Monday, March 30, 2009

Shop Profile - Fastrack Bicycles

If you happen to be in Santa Barbara, check out Fastrack Bicycles. It's a true road shop with a rich history in elite cycling and plenty of connections to some of the sports great riders. The shop is packed with all the latest road bikes that one would see winning the Tour de France. We had the opportunity to find out a little bit more about the shop and its owner Dave Lettieri.

Acura LA Bike Tour: When you opened, most shops were still in the mountain biking is the bread and butter mode, what made you take that leap of faith to a road only shop?
Dave Lettieri: I thought if I could fill a need and a particular niche, I could have a good business.

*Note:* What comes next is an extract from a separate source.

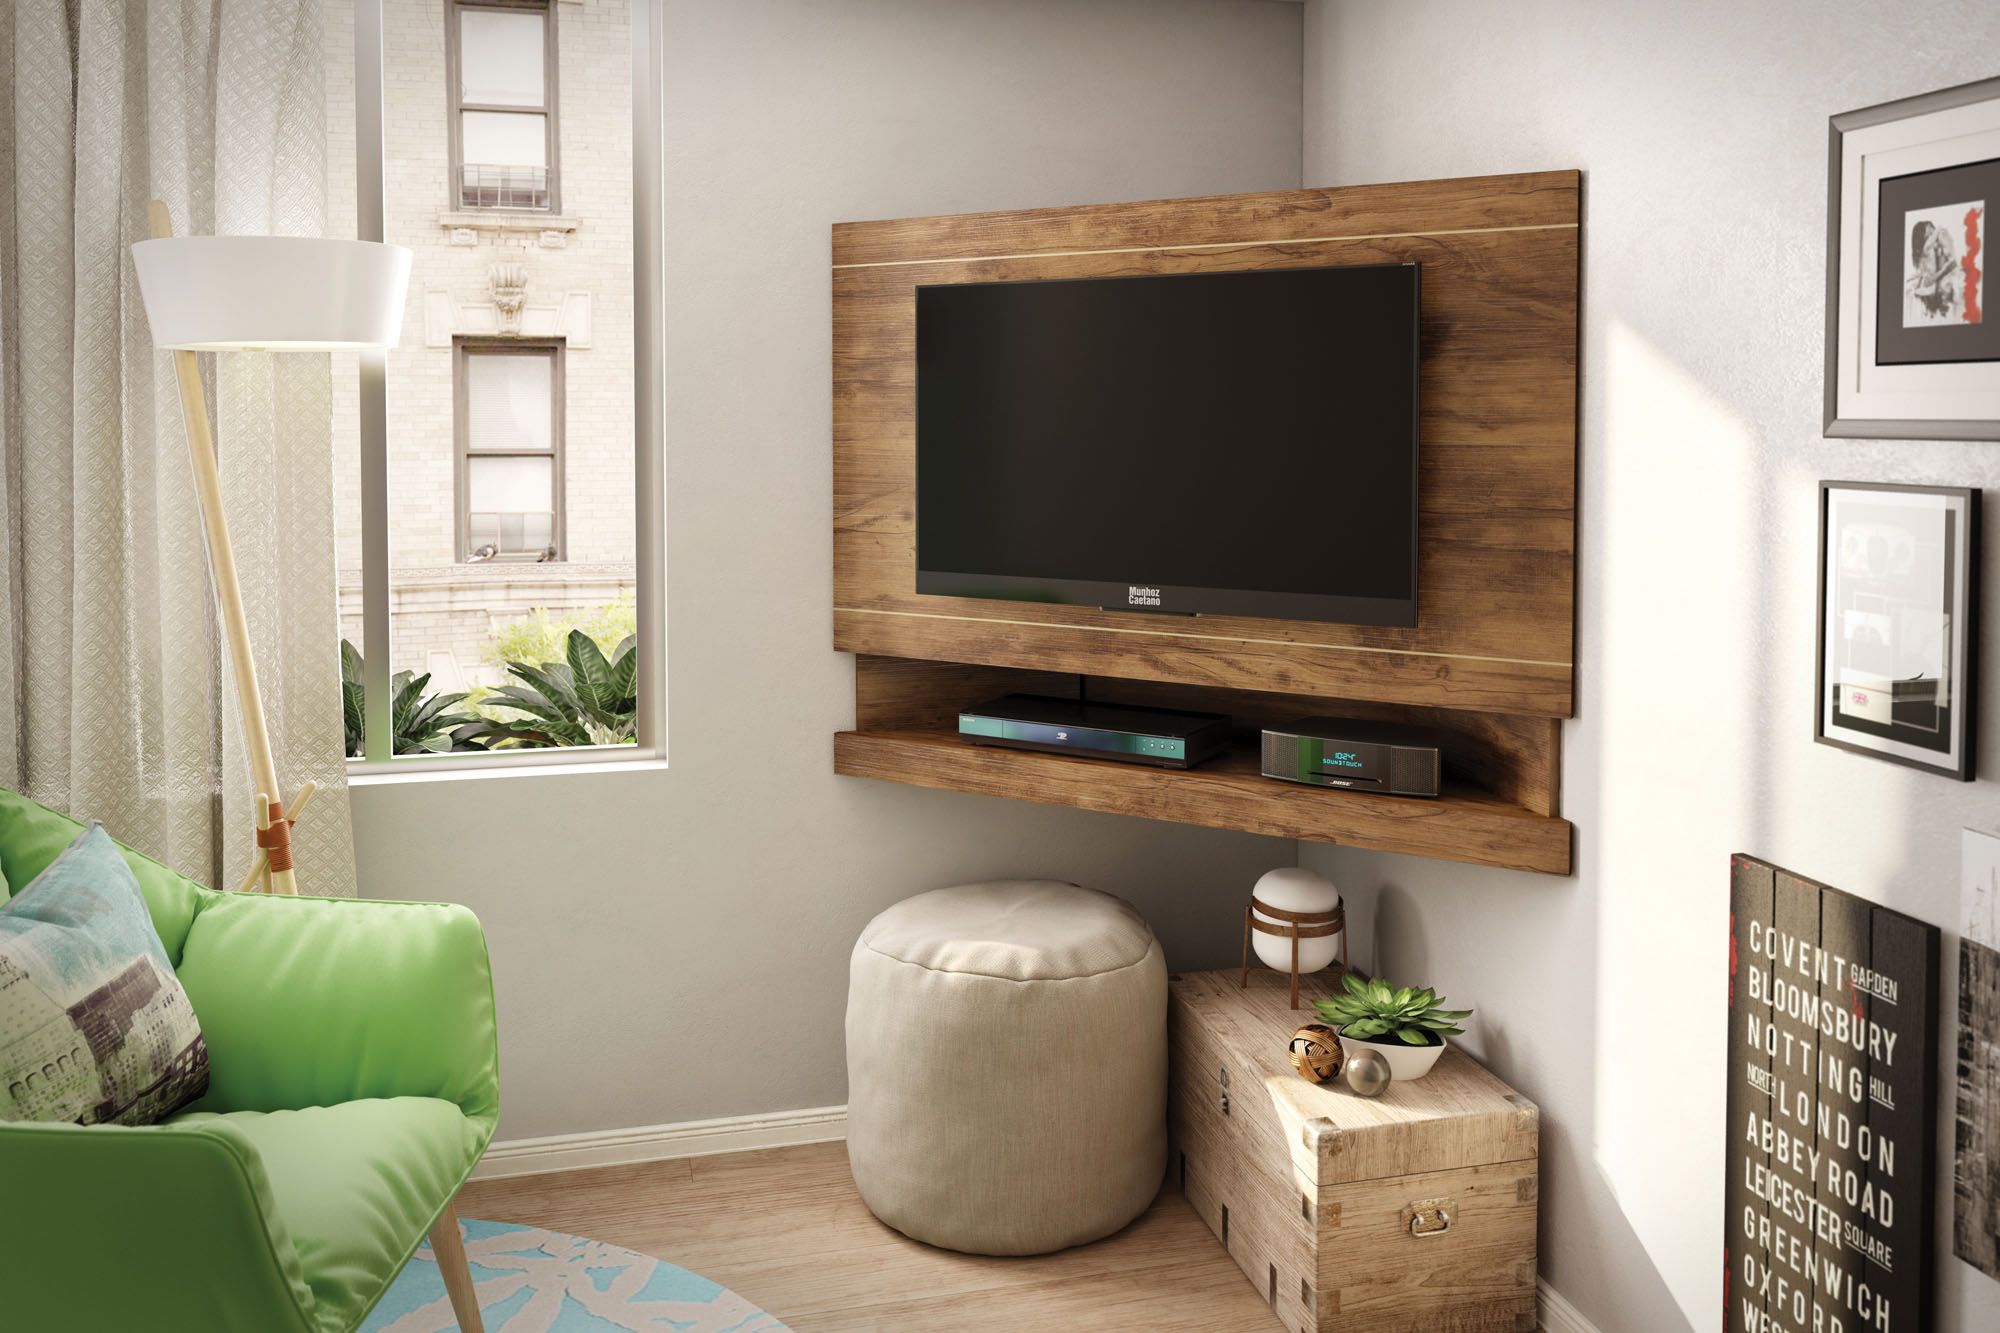 Телевизор на стене — идеи размещения и декора простраства
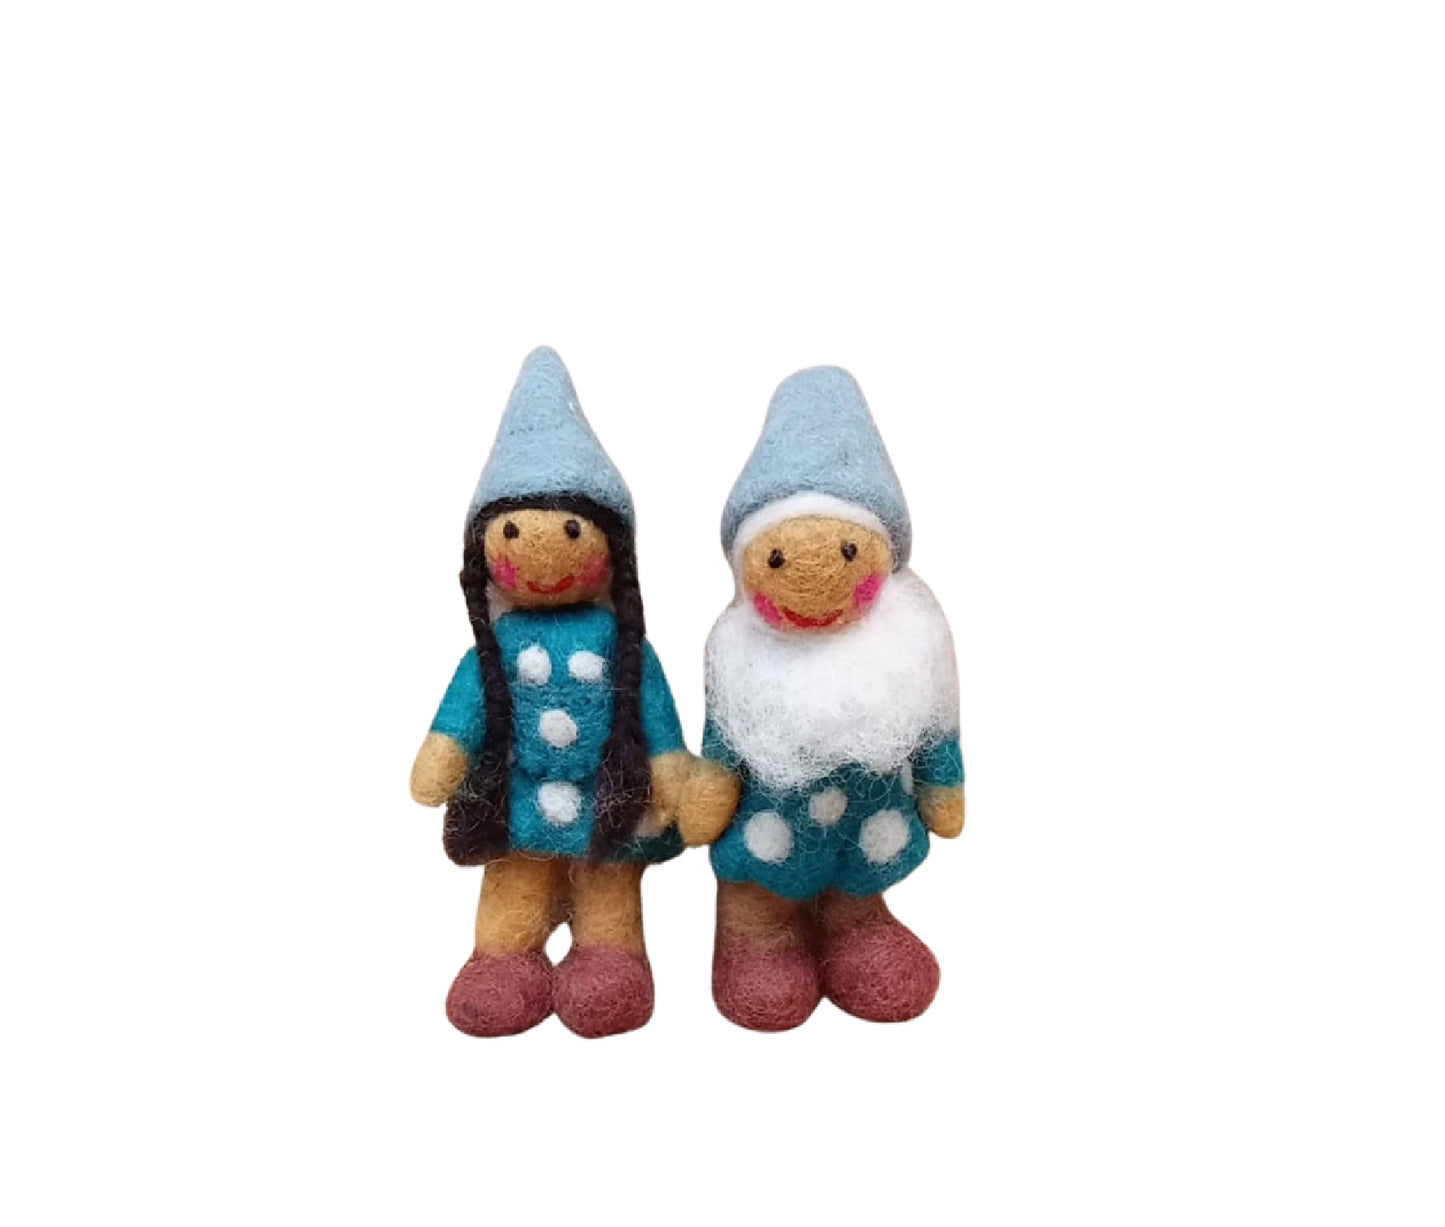 A pair of felt ed toydolls: mushroom elves in blue, from Himalayan felt co

ABT: What makes Fastrack different from other shops around Southern California?
DL: I think because the shop is owner operated, and that makes a big difference. Also, not many shop owners do not have the background that I have. Also still riding and participating in local events helps keep me up to date on the newest equipment.

ABT: You have a pretty good relationship with Lance Armstrong. How did you meet Lance?
DL: I knew Lance when I managed Chevrolet/LA Sheriff. (Note: The Chevrolet/LA Sheriff Cycling Team was a domestic based pro team from 1991-1995) Then he started vacationing in Santa Barbara in late 1997 and we became friends.

ABT: What does his comeback do for the sport?
DL: It’s big for the exposure that the sport gets. Every thing Lance does is reported on in the press.

ABT: Does that help with business?
DL: Absolutely, any publicity for cycling is good for the bike industry.

ABT: Has Lance changed the industry?
DL: Yes he has helped everyone from Trek to all the other bike manufacturers. He brings them into the sport. He also helps the coaching angle of the bike industry as well as the bikes.

ABT: You had a pretty successful racing career. Can you tell us how you get into riding?
DL: I did local century tours in northeastern Pennsylvania. Then started track racing in Trexlertown PA on the velodrome.

ABT: You competed in the 1998 Olympics. Tell us about your Olympic experience?
DL: That was great because everyone recognizes the Olympics. It gives a bit of credibility to anyone’s cycling career.

ABT: How do we get young people in the sport?
DL: I think with local events as well as having cycling mentors or coaches to help guide young riders.

ABT: What do you think of the swing towards bike advocacy?
DL: I think its good. If we have more bike lanes, bikeways and recognition for bikes or cycling, it’s a good thing.